His words echoed through the glass. I heard my own voice answer, as though through a drunken haze: “…okay.”

He turned his sunken eyes on me for a moment, then grinned, his teeth yellow and crooked. “I knew you’d come around,” he jeered.

“Don’t make me regret it,” I answered, but I was already regretting it. I downed my rum and coke, but he was still there, grinning at me.

“Come on,” he said. “Back alley.”

“What? No, no, no, I told you—I ain’t a fairy.”

He rolled his eyes and grabbed my wrist again. “Just come on.”

It was cold in the alley. Cold enough that the muddy water in the gutters had frozen into muddy ice, and I could feel the sharp winter air penetrating my lungs. I had to stomp both feet and hug myself to get warm, but the stranger didn’t seem bothered. He stopped in front of a peeling dumpster and stared at me for a moment, his beetle-black eyes sparking.

“Here,” he said, and again that rusty flask was before me. I stared at it, confused.

“…what?”

“Don’t you know anything? Jesus Christ!” He stomped his feet impatiently. “Rub it!”

“What? No!” The flask was so close I could smell the rust. I pulled away, trying not to breathe too hard. “I don’t want tetanus.”

“God damn it, just do it!”

Before I could protest more, he seized my hand and pressed it to the cool, rough metal. Except it wasn’t cold. It was on fire.

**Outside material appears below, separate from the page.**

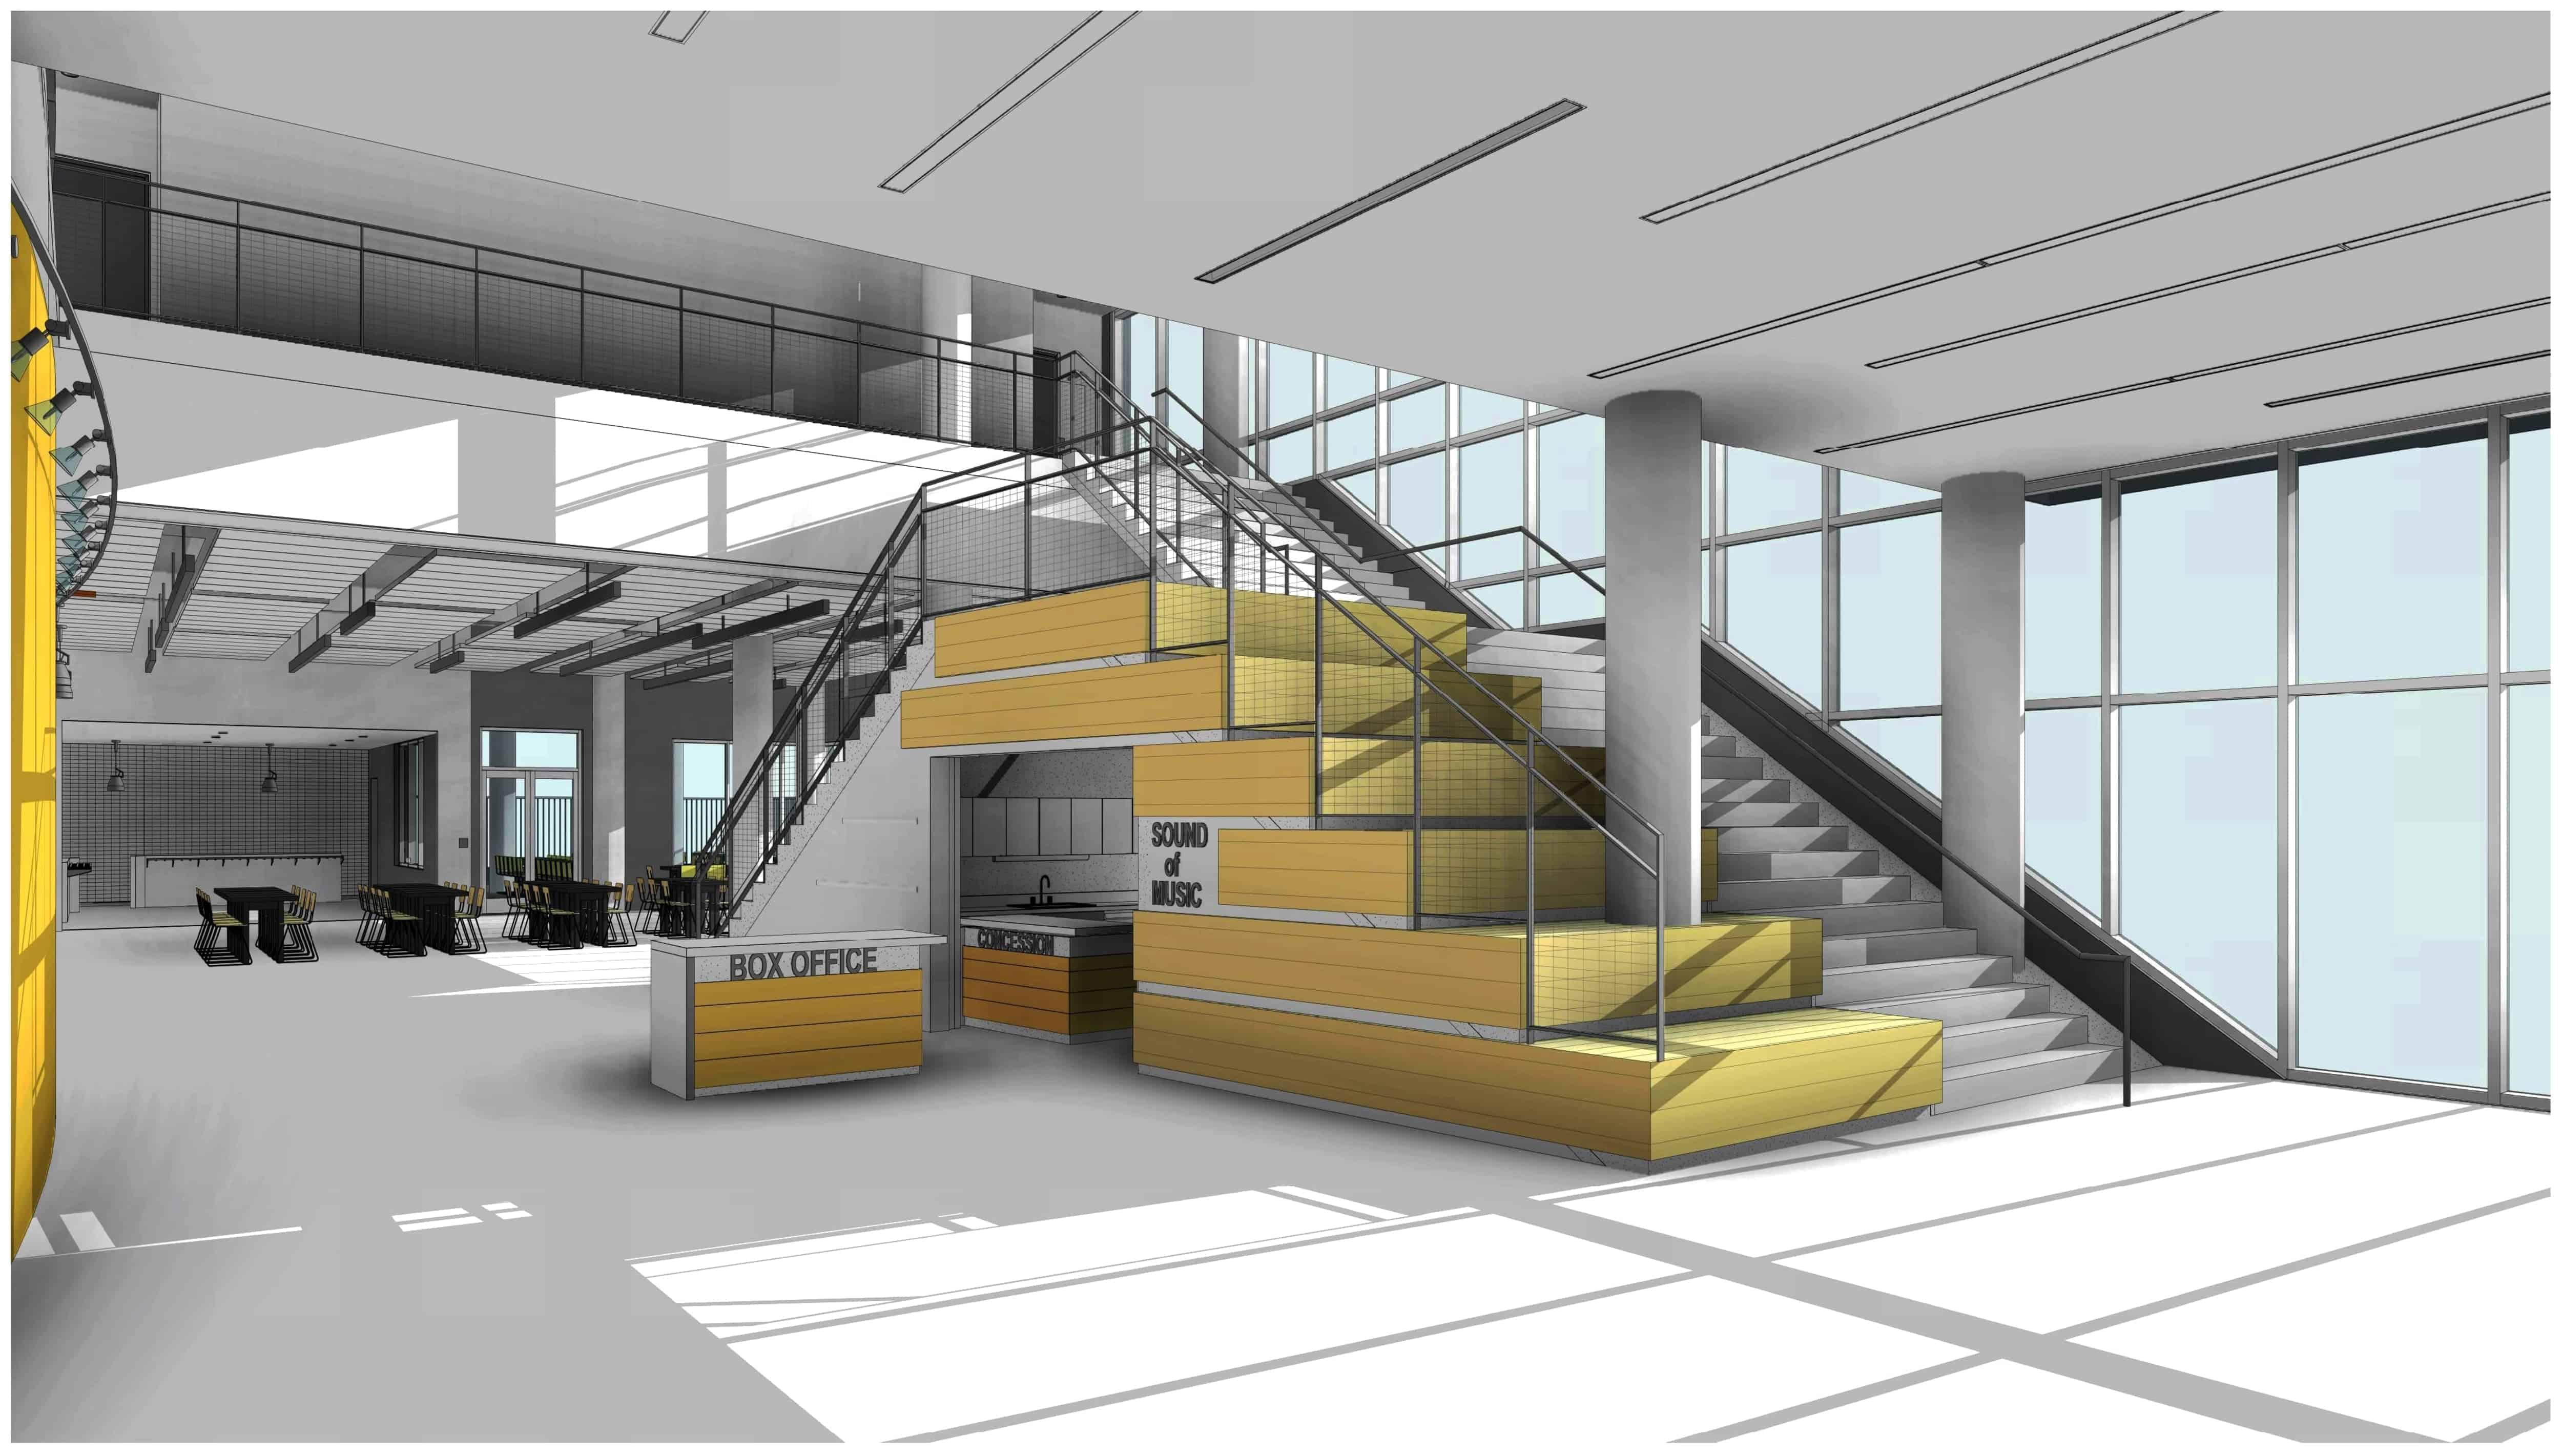 Kinder HSPVA Lobby Stair Perspective Rendering

“Ah!” I cried, intelligently, but when I tried to pull my hand away I found it was quite stuck. The flask glowed an angry red as the burning sensation began to creep up my arm, and the stranger let out a shrill noise that might have been laughter.

“Yes, yes, yes!” He was shouting, practically skipping with glee.

“What the hell, man?” I shouted, trying to throw the demonic thing at him. It held fast to my hand. “Get it off! Get it the hell off me!”

“No!” He closed his eyes, standing suddenly very still in the middle of the alleyway. “It’s almost here. I can feel it!”

“Feel what?” Sheer panic clawed at my insides, and I began banging the flask against the dumpster, but only succeeded in bruising my hand. A screech drew my attention back to the stranger, and I quickly forgot about the flask.

He was glowing. Well, not glowing so much as burning. Bright, white tongues of fire burst forth from his body, dissolving his clothing in an instant. He seemed almost to be floating, his head stretched to somewhere far above me. He cried out in pain, but his words were ecstatic, heavy with a delight I haven’t the balls to repeat here. I’m not that kind of man.

What happened next, I may never know. I fell suddenly into darkness, and the last thing I remember is the repulsive stench of the sidewalk.